» Data extract:
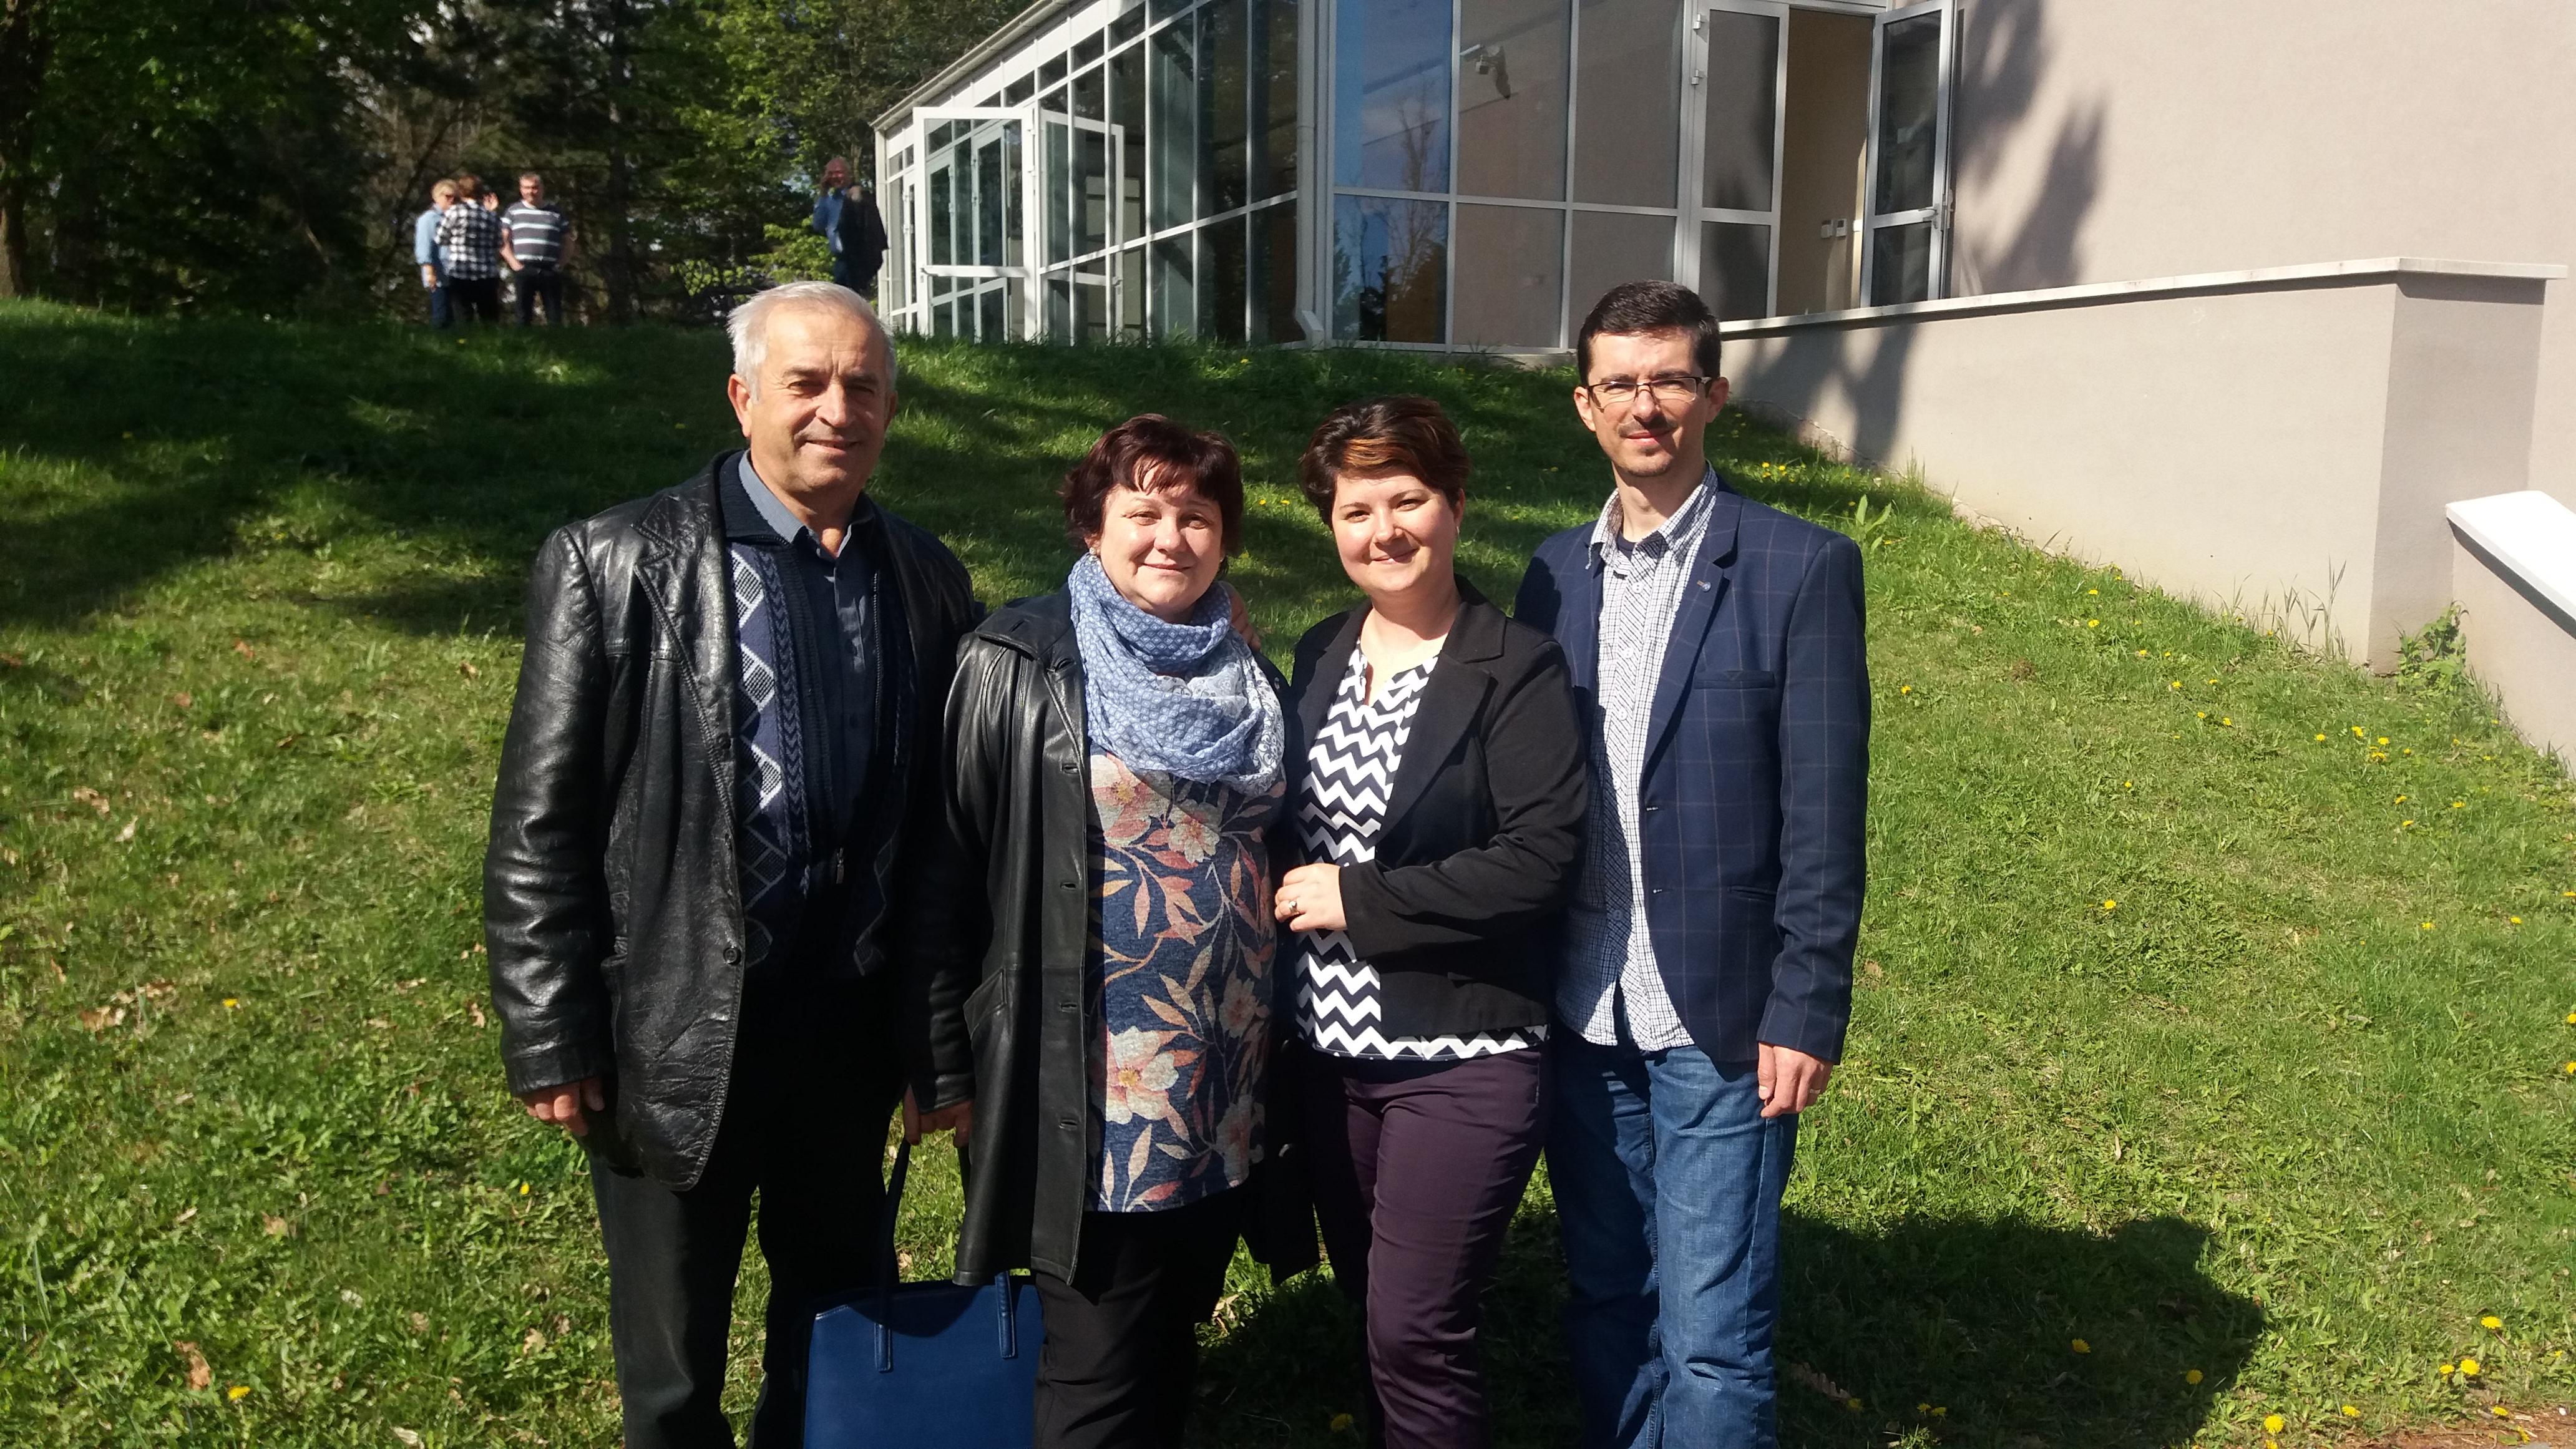 Meleg Miklós, Melegné Liszkai Katalin, Kovács Anrdea és Kovács Levente a 2017. áprilisi, szilvásváradi vezetőképzőn
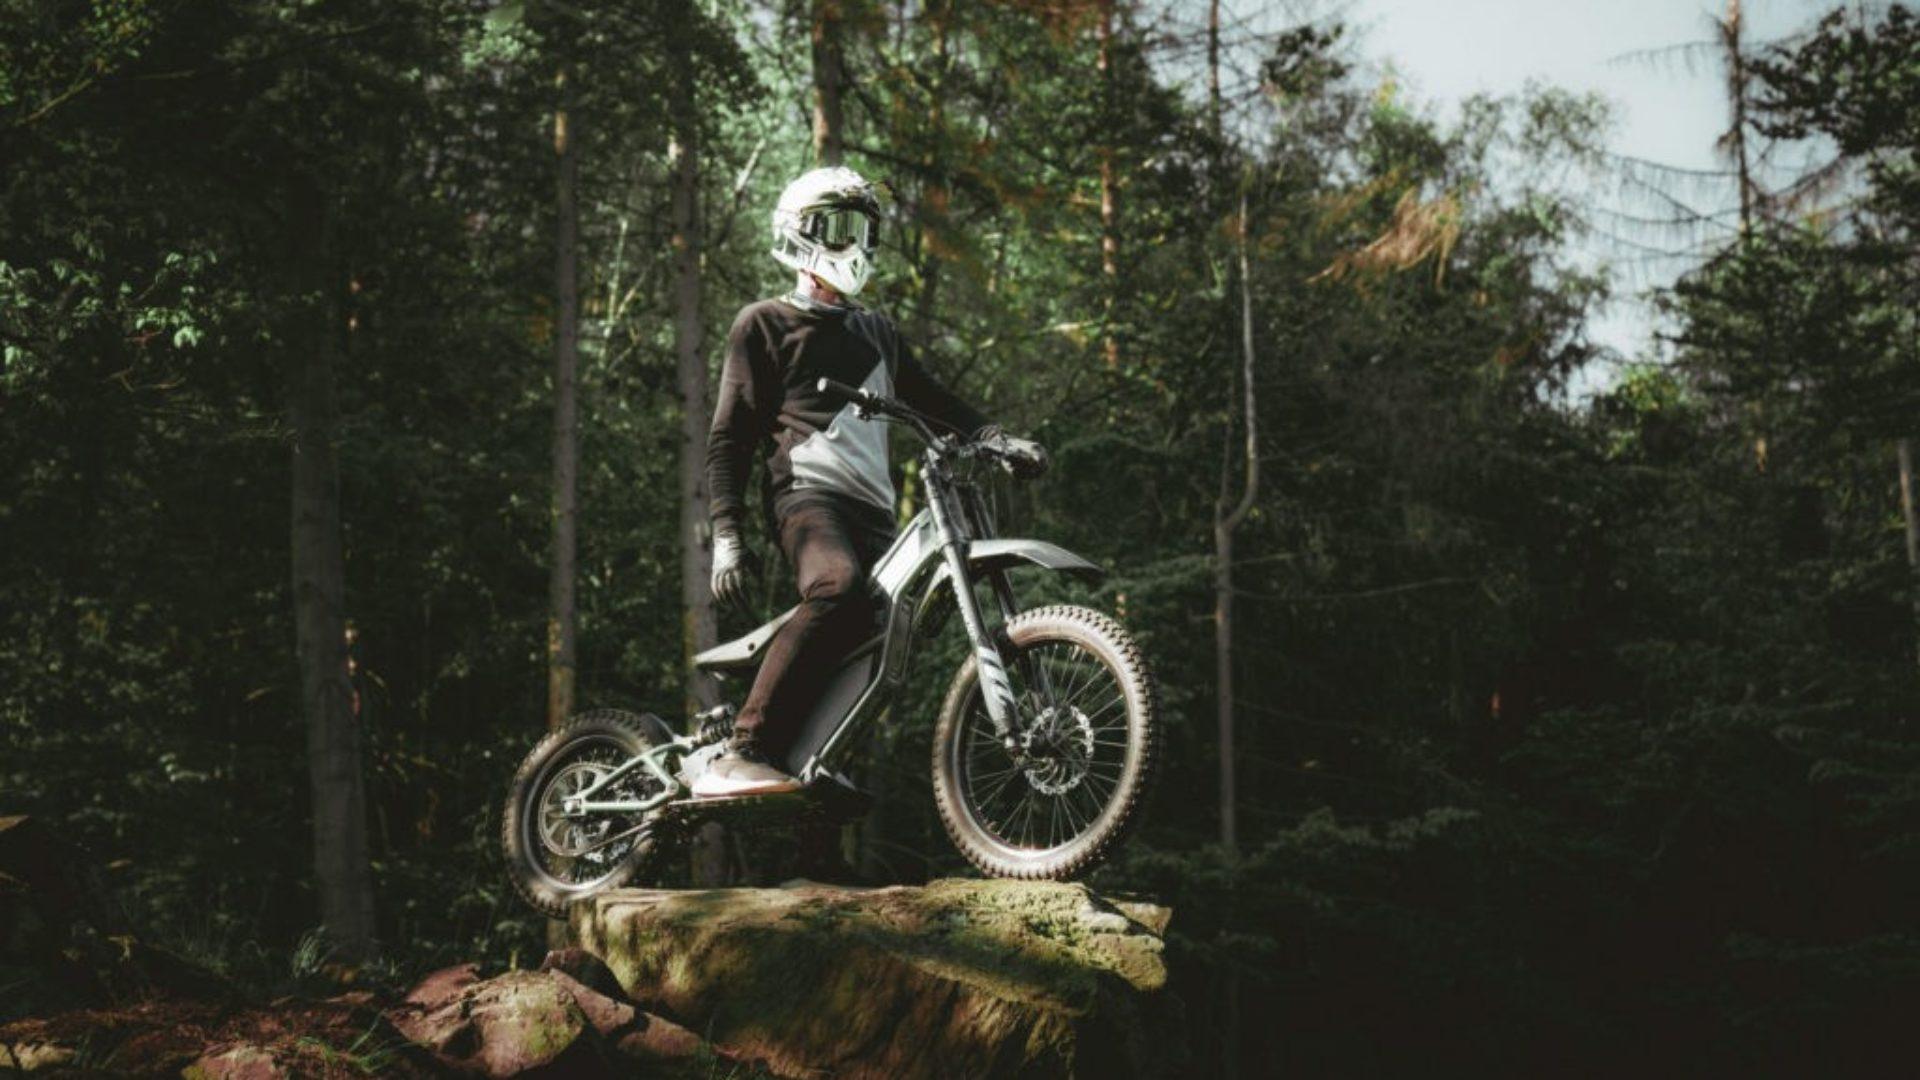 Finanzierung & Versicherung von Kuberg Motorrädern
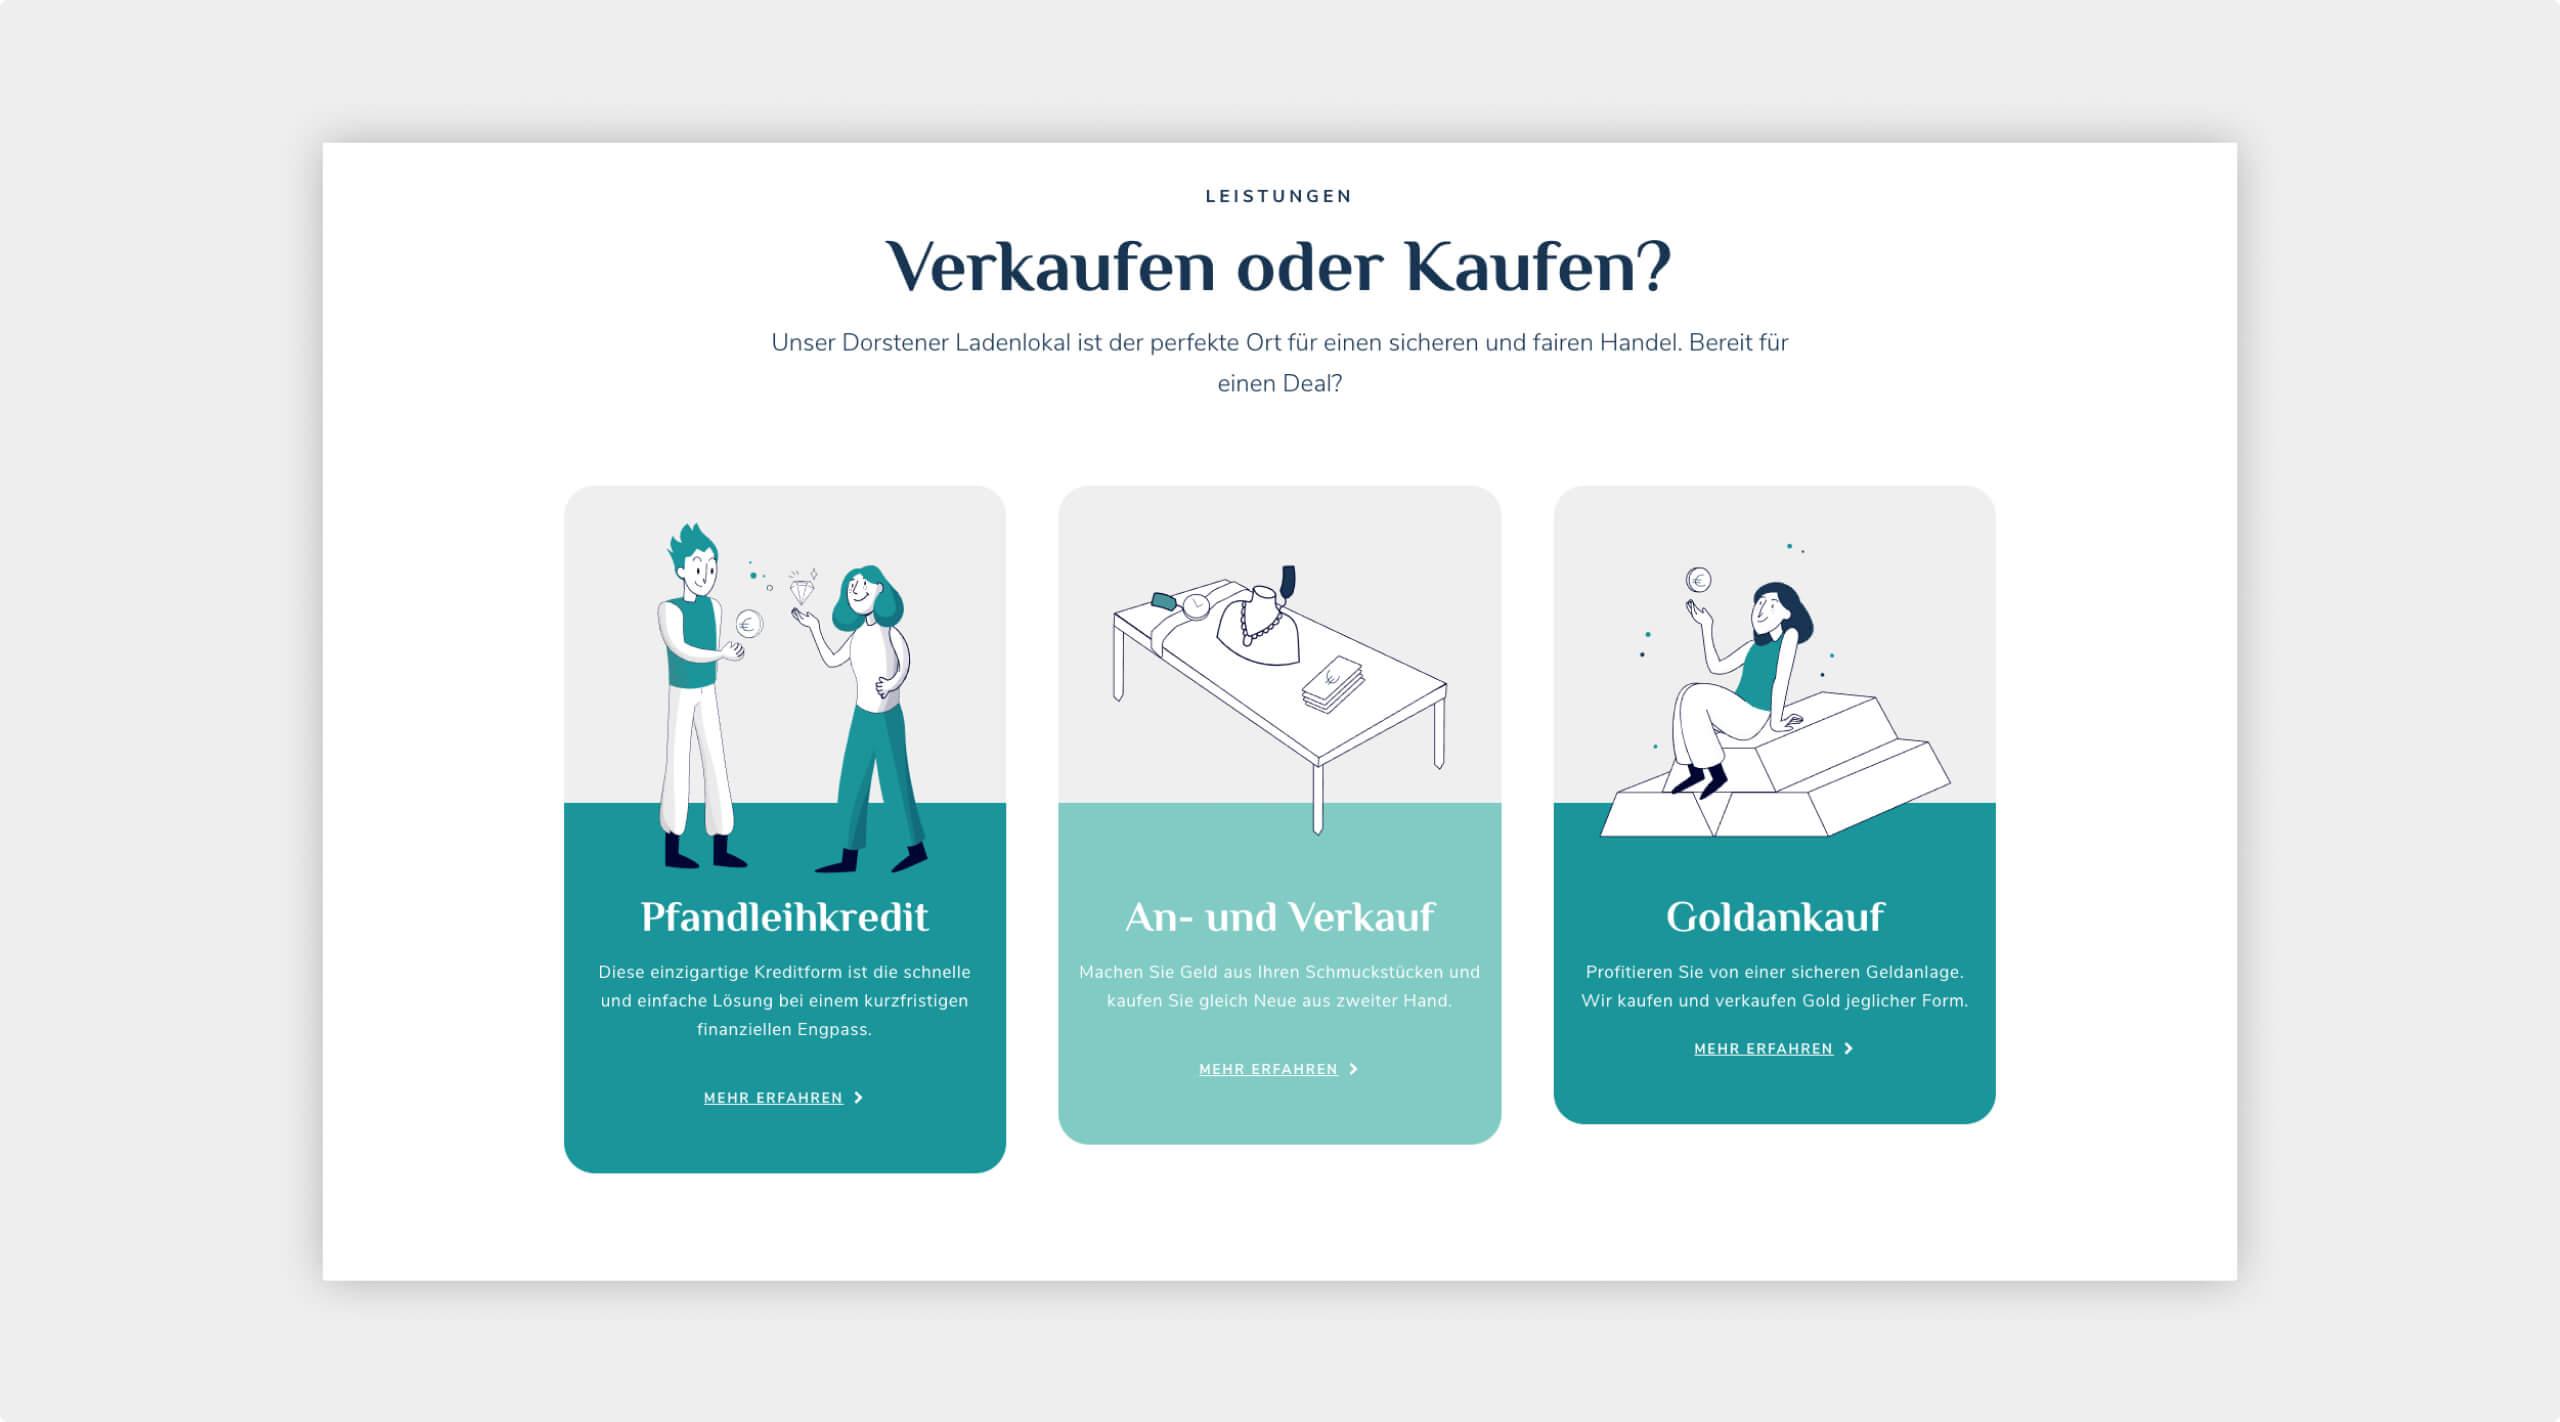 Screenshot der neuen Website von Luxus Spot zu den Leistungen in 3-spaltigem Layout mit Grafiken zu jedem Bereich.

» Task to carry out: Without any of its images, the data above should be returned exactly.

» Solution for this problem:
 Meleg Miklós, Melegné Liszkai Katalin, Kovács Anrdea és Kovács Levente a 2017. áprilisi, szilvásváradi vezetőképzőn
 Finanzierung & Versicherung von Kuberg Motorrädern
 Screenshot der neuen Website von Luxus Spot zu den Leistungen in 3-spaltigem Layout mit Grafiken zu jedem Bereich.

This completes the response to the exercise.